Two days in, Book 2 looked weird. The win rate was sitting around 63% — higher than Book 1's 34%, which is what you'd expect if the inversion thesis held. But the net P&L on Book 2 was already deeply negative, with an average per-round-trip loss three times worse than Book 1. The shape didn't make sense: a book that wins 63% of the time shouldn't bleed faster than one that wins 34% of the time unless the losing trades are massively larger than the winning trades. And they were. The average win was small and the average loss was huge. The R-multiple on Book 2 was roughly inverted from what the mirror design implied.
What I initially suspected
My first hypothesis was that the inversion thesis was just wrong in the current regime. Maybe the market had shifted from trending to mean-reverting, and the signal that had been losing in trend mode was now correct in the new regime — which would make its inverse wrong. That's an honest failure mode, and if that's what was happening, I needed to kill the test early.
My second hypothesis was sample-size variance. Eighty round-trips is not a lot. A handful of asymmetric outliers can make the per-trade average look catastrophic before the law of large numbers smooths things out. I considered waiting for 200 round-trips before acting.

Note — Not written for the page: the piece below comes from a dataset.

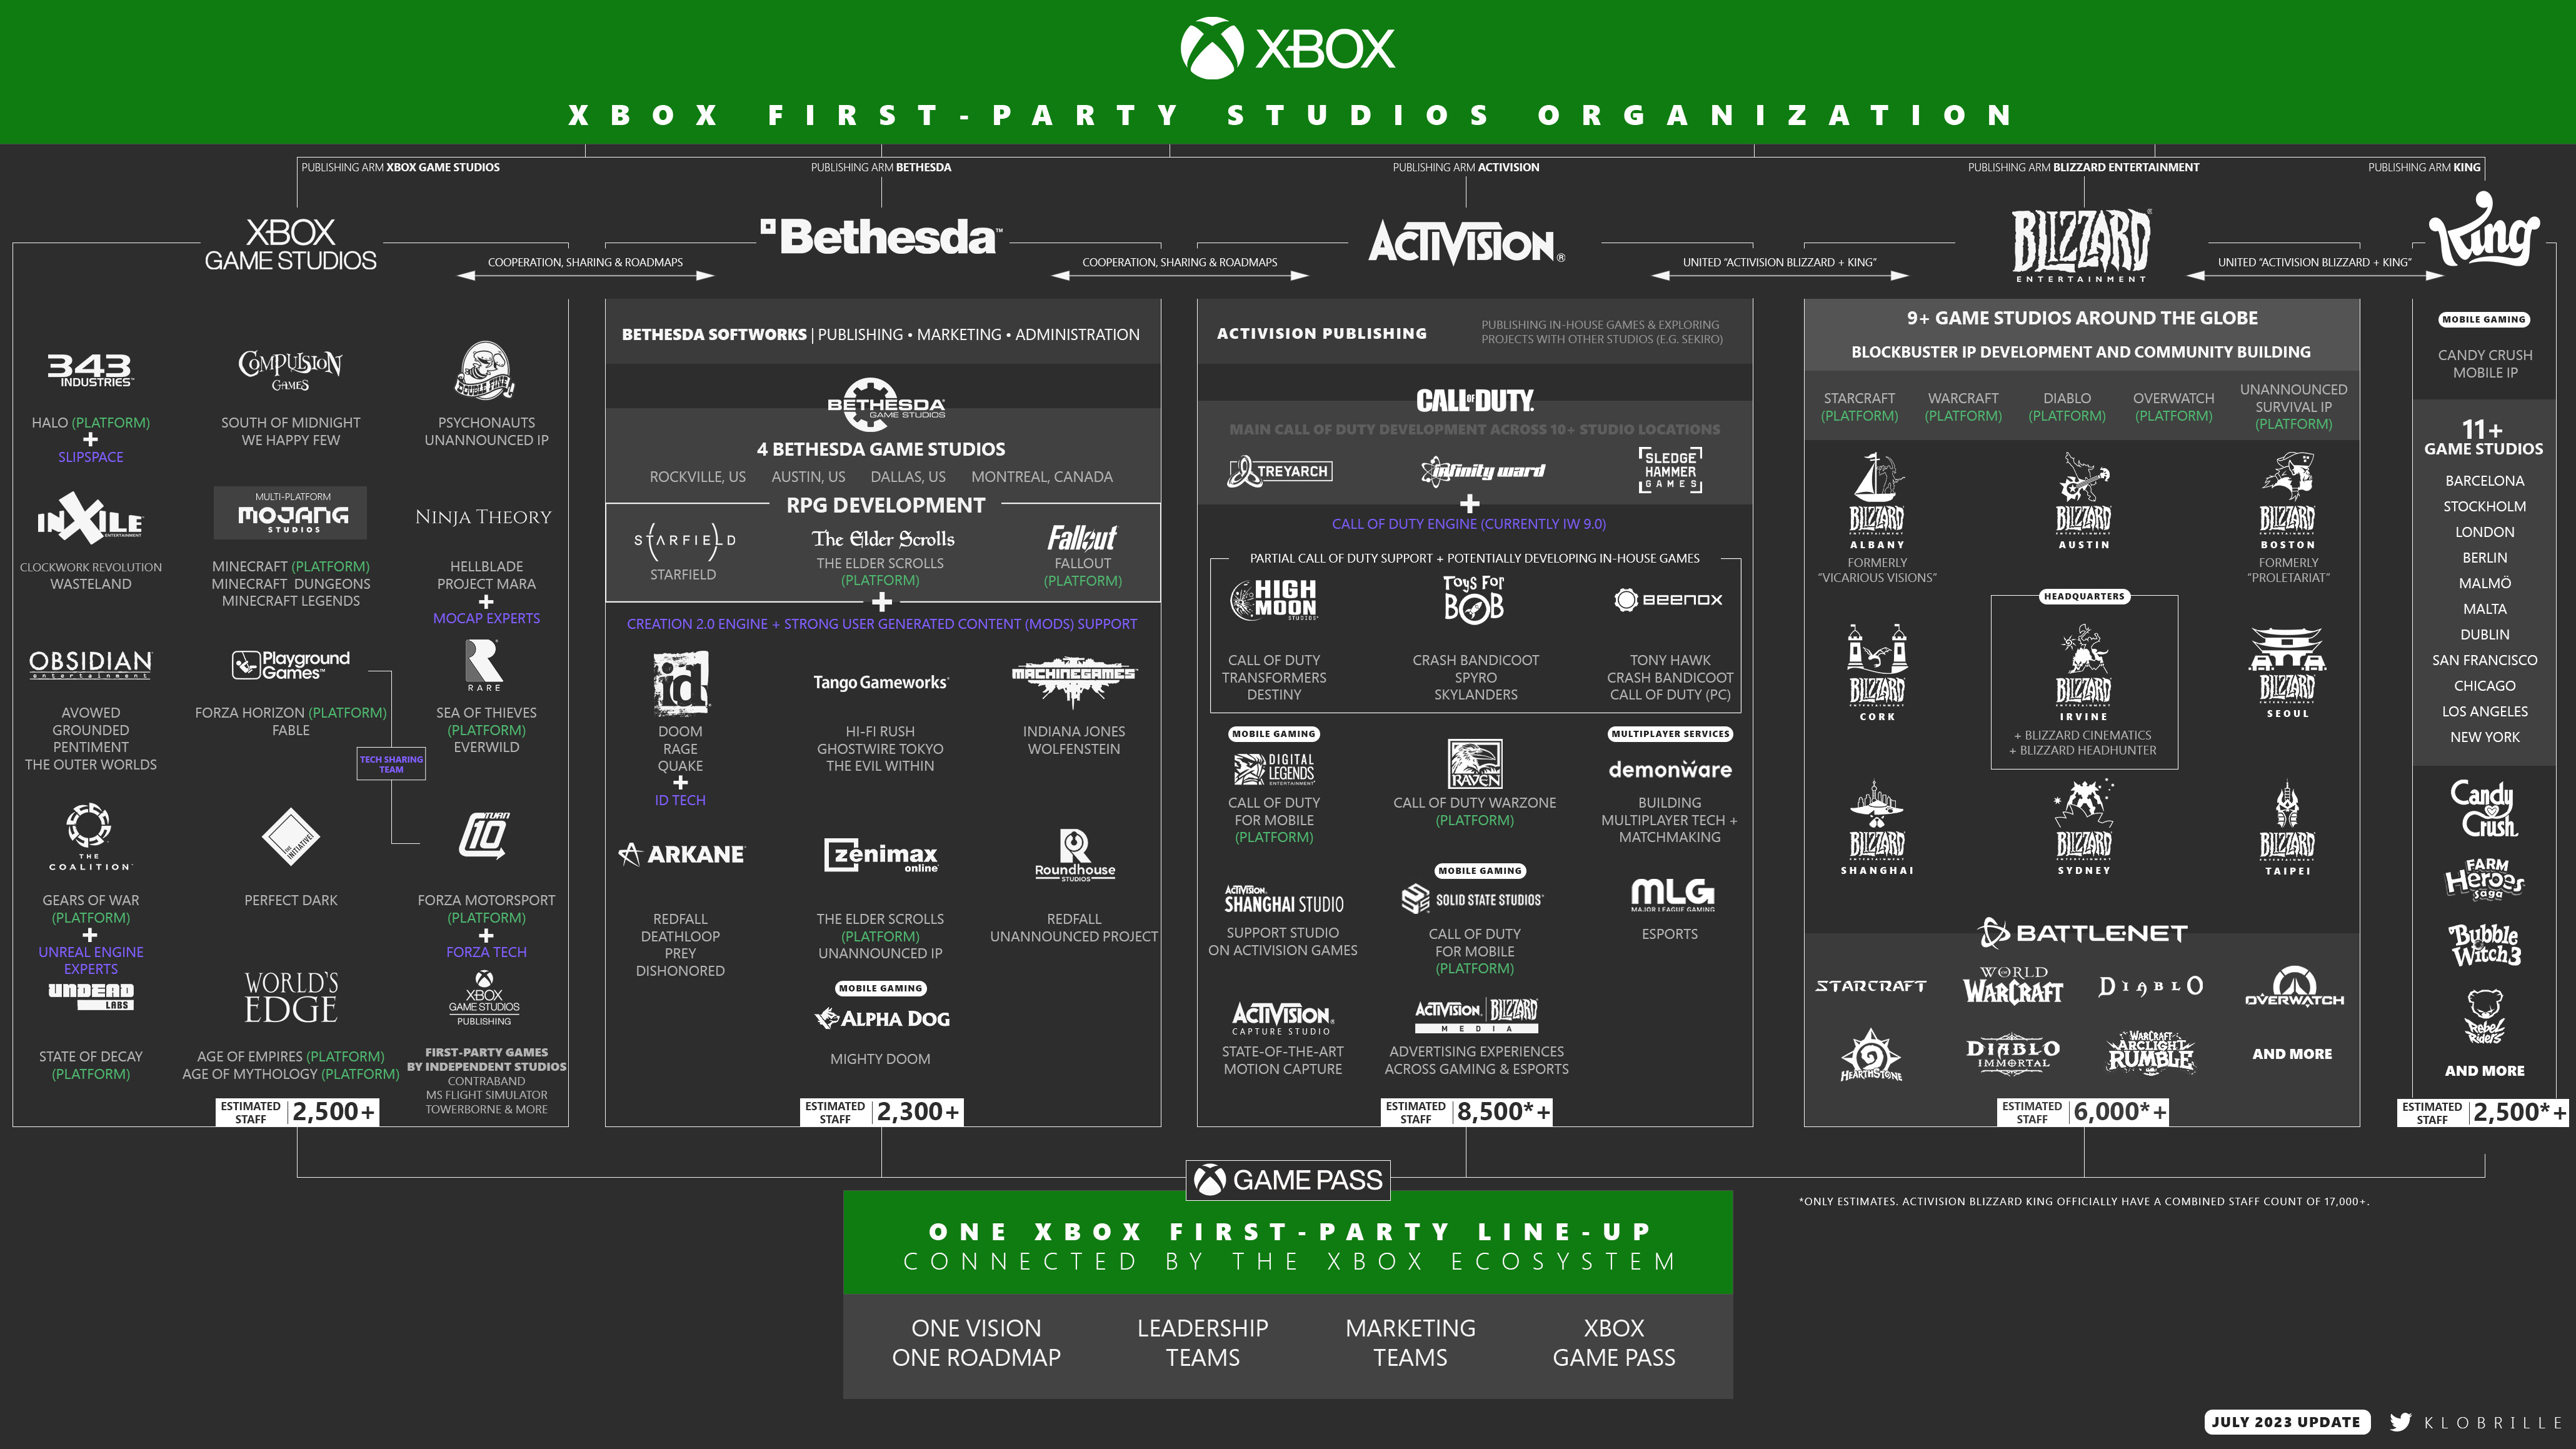 Overwatch, Diablo e Call of Duty estão a caminho do Xbox Game Pass

Neither hypothesis explained the specific R-multiple asymmetry. If the signal had flipped edge direction, the win rate should have dropped toward 50% or below, not landed at 63%. If it was pure variance, the wins and losses should have been roughly symmetric around the expected mean. What I was seeing — high win rate, small wins, large losses — is the mechanical signature of something clipping the wins and letting the losses run.

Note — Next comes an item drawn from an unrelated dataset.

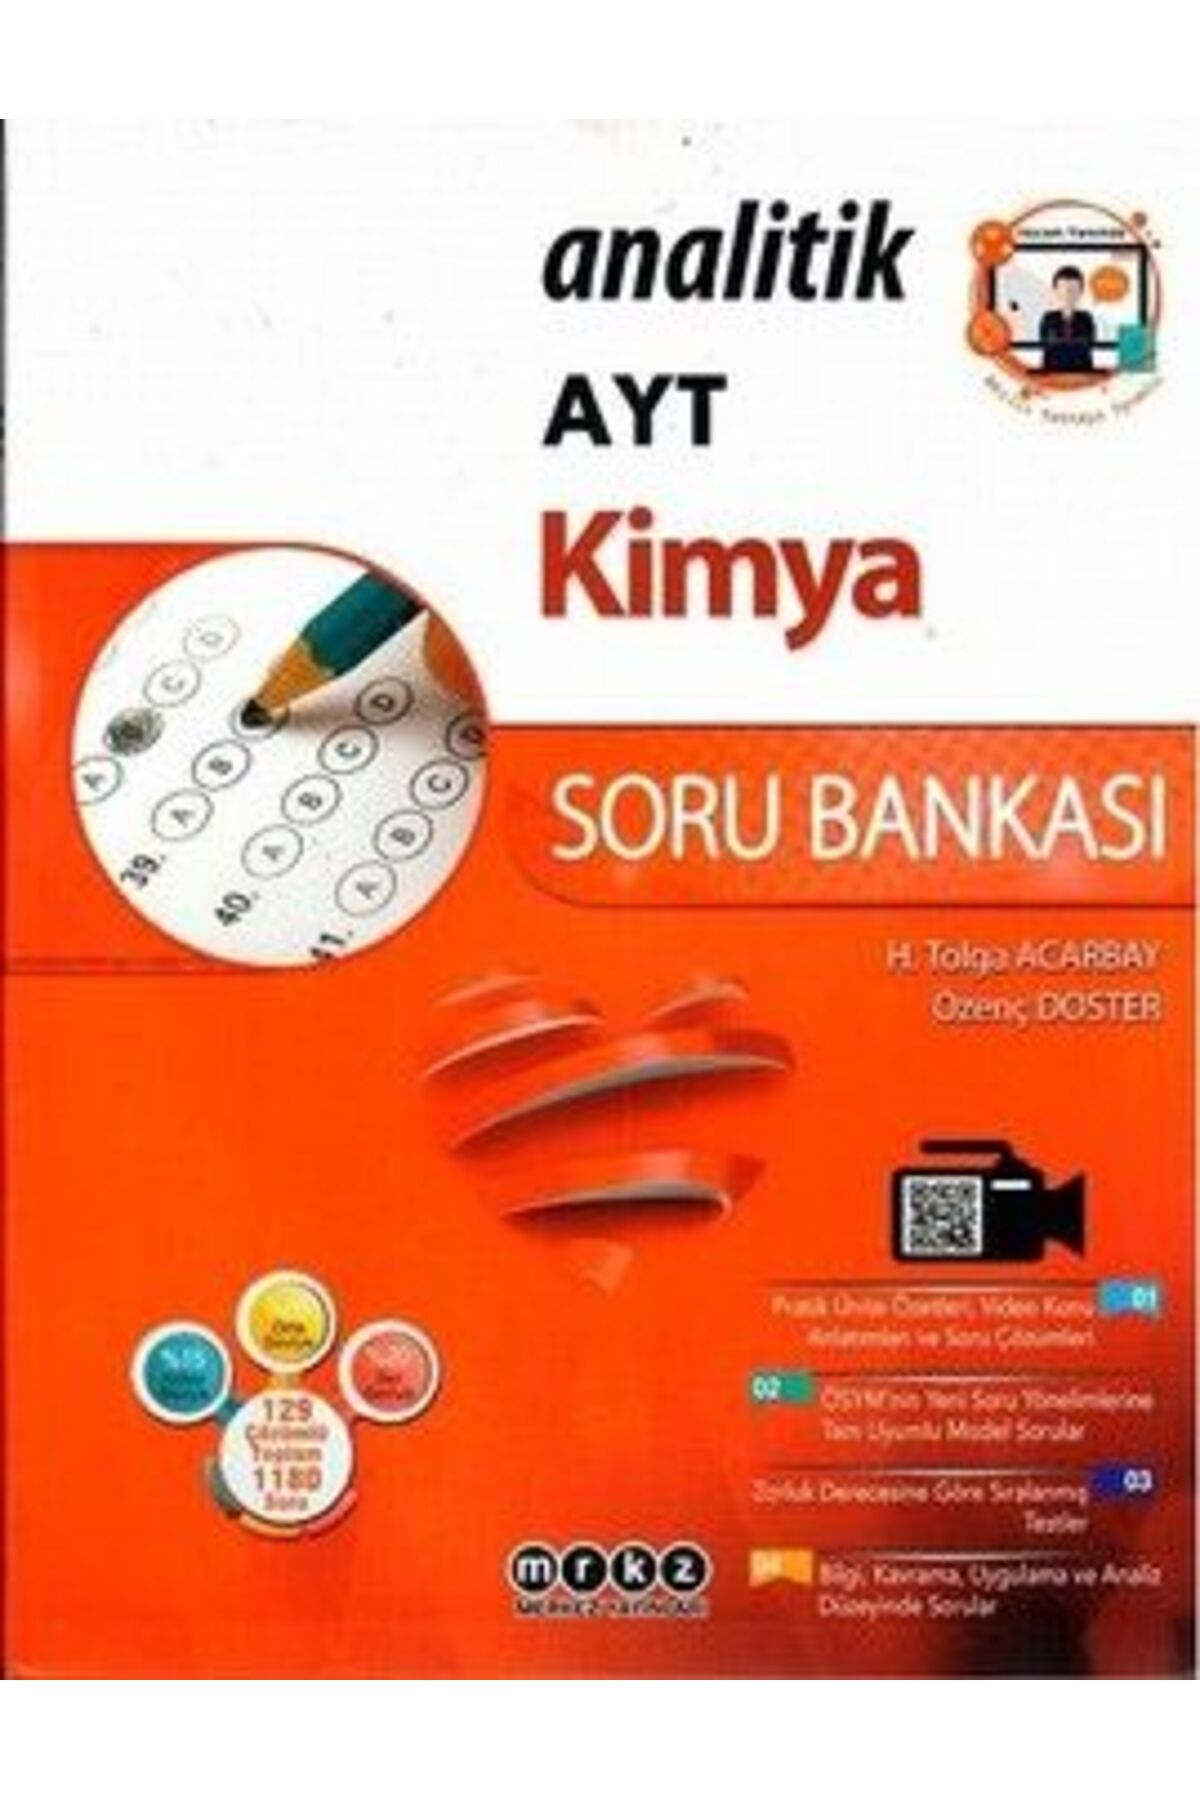 Merkez Yayınları Ayt Kimya Analitik Soru Bankası

The trace that revealed it
I went into the logs. For each closed position on Book 2, I pulled the close-order record and checked which book the close actually hit. Every single one had routed to Book 1's ledger. Book 2's open positions existed. Book 2's trades showed up in the comparison snapshot. But Book 2's closes were landing on Book 1, which meant Book 2 positions were only closing when Book 1's mirror trade hit its own TP or SL — at Book 1's magnitudes, not Book 2's.
That's the asymmetry I was seeing. Book 2's take-profit threshold (set symmetrically with Book 1 for the experiment) never fired on its own positions. Book 2 closed when Book 1's signal exited — and since Book 2 is the inverse, Book 1's winning exits were Book 2's losing exits, at Book 1's take-profit magnitude. Meanwhile, Book 1's losing exits (at its smaller stop-loss magnitude) were Book 2's winning exits. Wins capped at small, losses running to large. The R-multiple wasn't mysteriously inverted; it was mechanically forced that way by a routing bug.
The root cause — one missing kwarg
Found it in the futures TP/SL monitor. The loop fetches all open positions across every book without a per-book filter (intentional — one loop watches the whole portfolio). For each position that trips its TP or SL threshold, it constructs a close-order and hands it to the execution engine:
# Before (the bug)
close_order = SimulatedOrder(
lane="futures", symbol=pos.symbol, action=close_action,
quantity=pos.quantity, price_vnd=live_price, leverage=pos.leverage,
note=f"Auto-close: {close_reason}",
)
close_result = await engine.execute_futures(close_order)
The monitor passes no book_id. Downstream, execute_futures defaults book_id=1 when the argument isn't provided. The close-execution query then filters the position table by that default book_id, looking for a Book 1 position matching this symbol to close. For a Book 2 position that needs to close, the query finds nothing that matches — Book 1 has no such position. The execution path returns cleanly with zero matches. No exception. No warning. Just a silent no-op.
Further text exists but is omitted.